Tanzania also has an opportunity to avoid some of the costly mistakes made elsewhere. Many advanced economies built growth models that treated natural systems as unlimited resources. They are now spending heavily to restore degraded land, polluted water systems and damaged ecosystems. Tanzania is not locked into that path. It has the chance to build growth in a way that protects the natural systems its economy already depends on.
The challenge is that finance has not fully caught up with this reality. Globally, large amounts of capital still flow into activities that degrade forests, soils and water systems, while many “nature-first” businesses, which are working to protect and restore nature, struggle to attract investment. Part of the problem is perception. Nature-first enterprises are often seen as too risky, too difficult to measure or too slow to generate returns.
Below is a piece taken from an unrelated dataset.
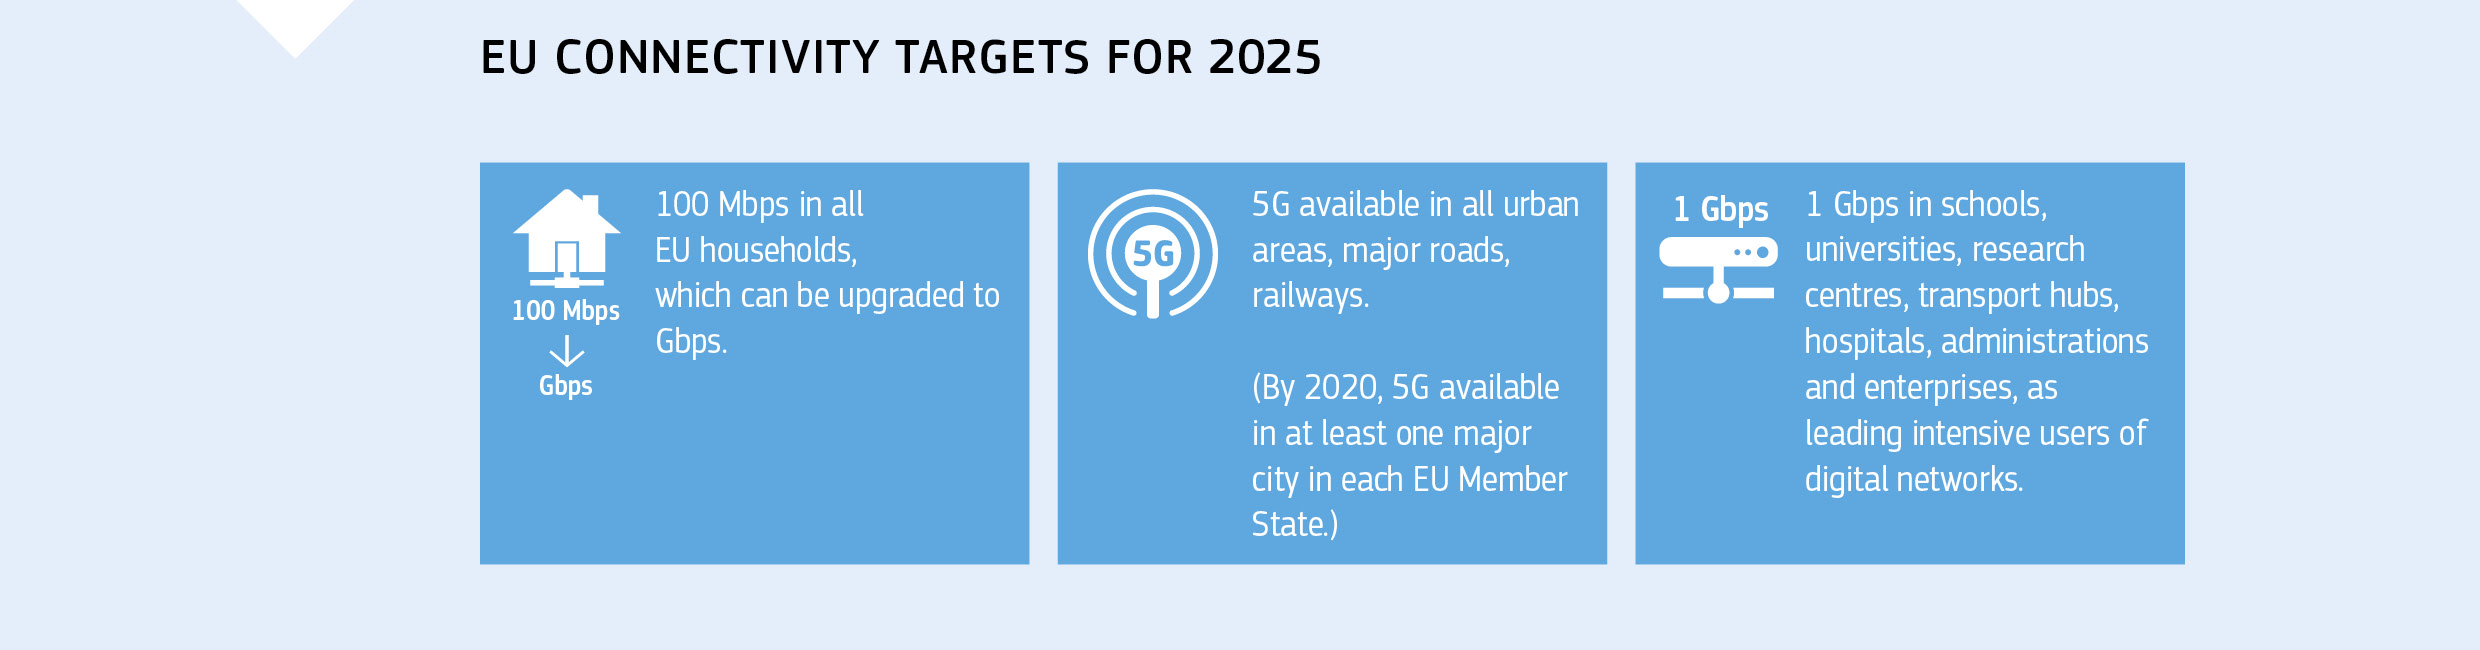 EU CONNECTIVITY TARGETS FOR 2025

Yet the risks of ignoring nature are becoming harder to ignore. Businesses are already seeing the effects of declining soil quality, water stress and supply disruptions. Investors are beginning to recognise that natural systems affect productivity, resilience and long-term commercial performance just as much as roads, power or logistics do.
Many promising businesses remain stuck in the “missing middle”: too advanced for early grant funding, but not yet structured in ways commercial investors understand. The issue is often not a lack of potential, but a lack of proof points, financial support and investment models that connect environmental resilience to commercial value.
That is part of what we will be testing with the launch of the Nature-First Innovation Lab (NFIL) - a new accelerator programme designed to help projects that have already moved beyond concept or feasibility stage to become investable, scalable businesses through a tailored package of capital and hands-on support. The pilot is inviting applications from enterprises in Tanzania which have embedded regenerative practices into agricultural, blue (ocean and coastal) economy and broader natural resource supply chains. This includes, for example, regenerative agriculture projects, seaweed and aquaculture businesses, sustainable forestry, and other nature-first production systems that generate both commercial returns and measurable environmental benefits. The ultimate aim is to demonstrate how nature-first business models can support both commercial returns and long-term resilience.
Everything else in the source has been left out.